With the U.S. Department of Education’s recent revocation of the Obama administration’s 2011 guidance on college sexual assault, the legislation aims to make sure that fair procedures and appropriate services are in place at higher education institutions across Massachusetts for both the reporting party and the accused.

In a statement, Friedman said: "Sexual assault on college campuses can no longer be an issue that we brush aside. Too often, students fear reporting incidents of sexual assault and do not have access to adequate resources or training guides to assist them. This bill takes an important step in providing necessary safeguards to suppress the threat of sexual violence on our college campuses."

According to the 2015 climate survey conducted by the Association of American Universities, 23 percent of female undergraduate student respondents reported experiencing non-consensual sexual contact by physical force, threats of physical force or incapacitation.

Despite these statistics, 95 percent to 72 percent of these incidents of sexual violence went unreported, the Nov. 2 news release said.
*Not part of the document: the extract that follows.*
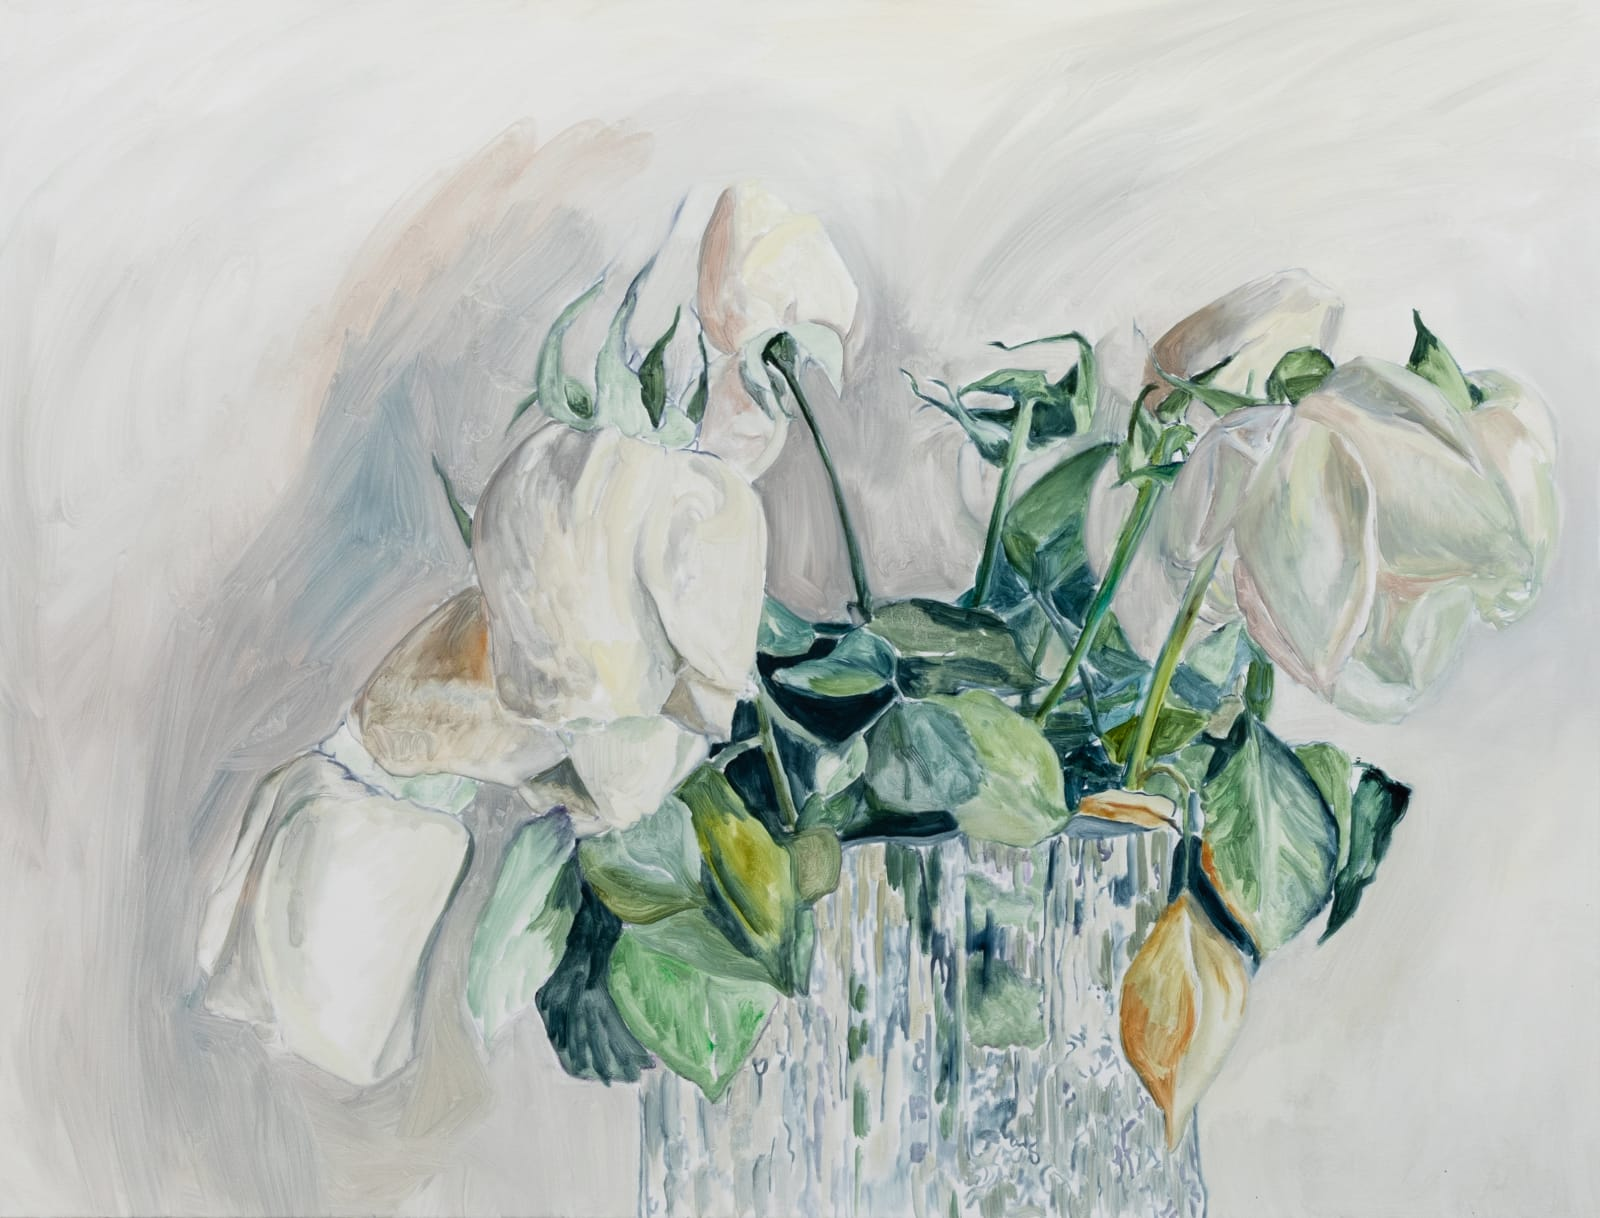 Aglaé Bassens, Morning Fatigue, 2020
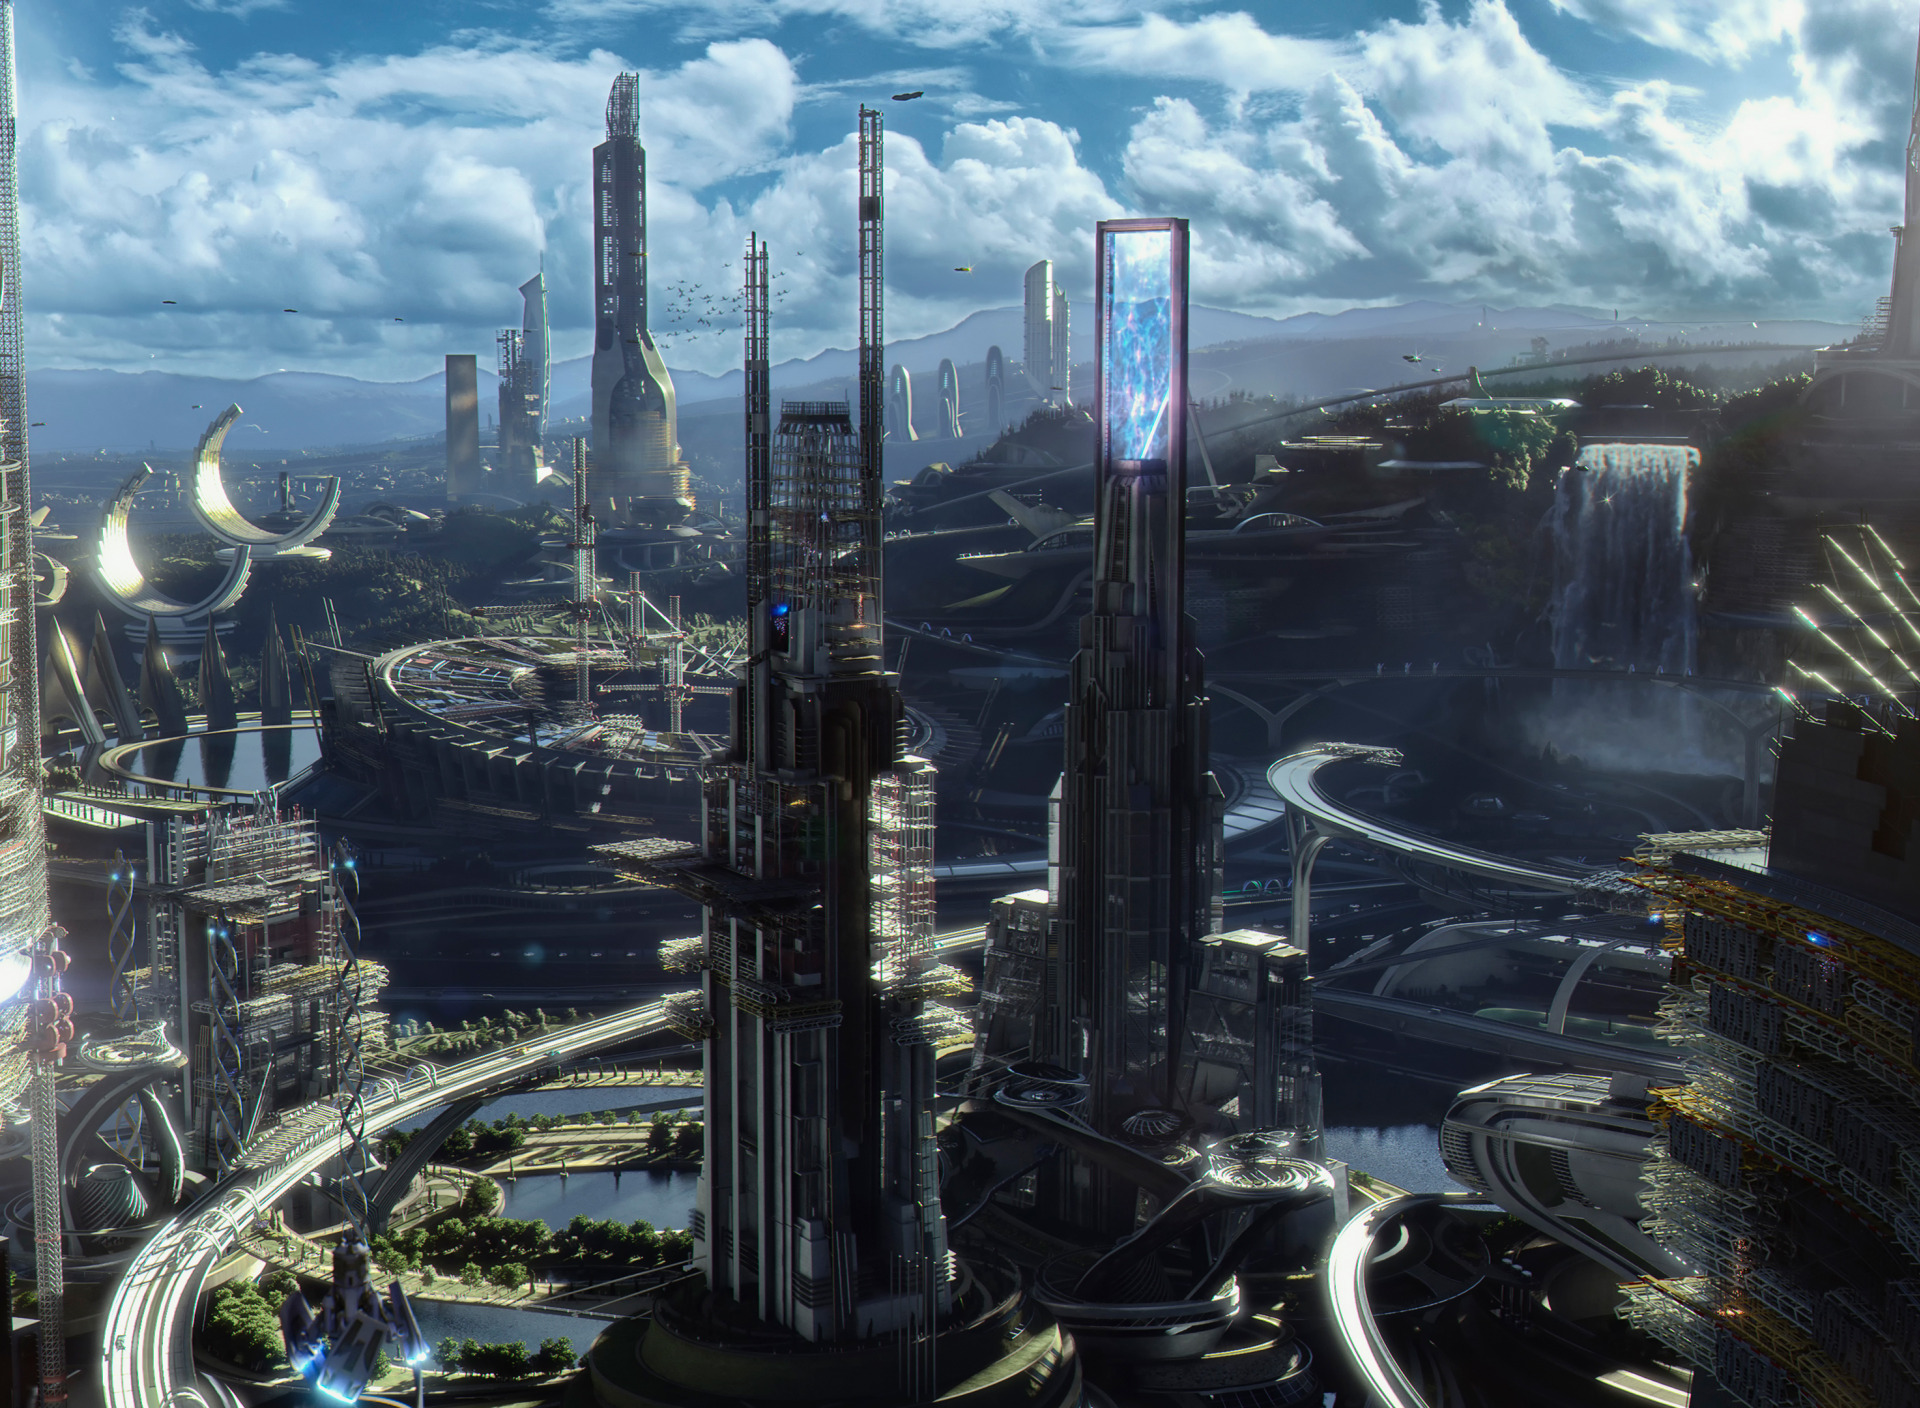 картинки про будущее мира завода

This legislation aims to encourage more students to come forward by ensuring that fair procedures and appropriate services are in place not only for the reporting party but also the accused. 

The legislation, which passed the Senate unanimously, has been referred to the House of Representatives for consideration. To continue tracking the bill, S.2191, please visit the Legislature’s website,

This news announcement was published Monday, Nov. 6, 2017.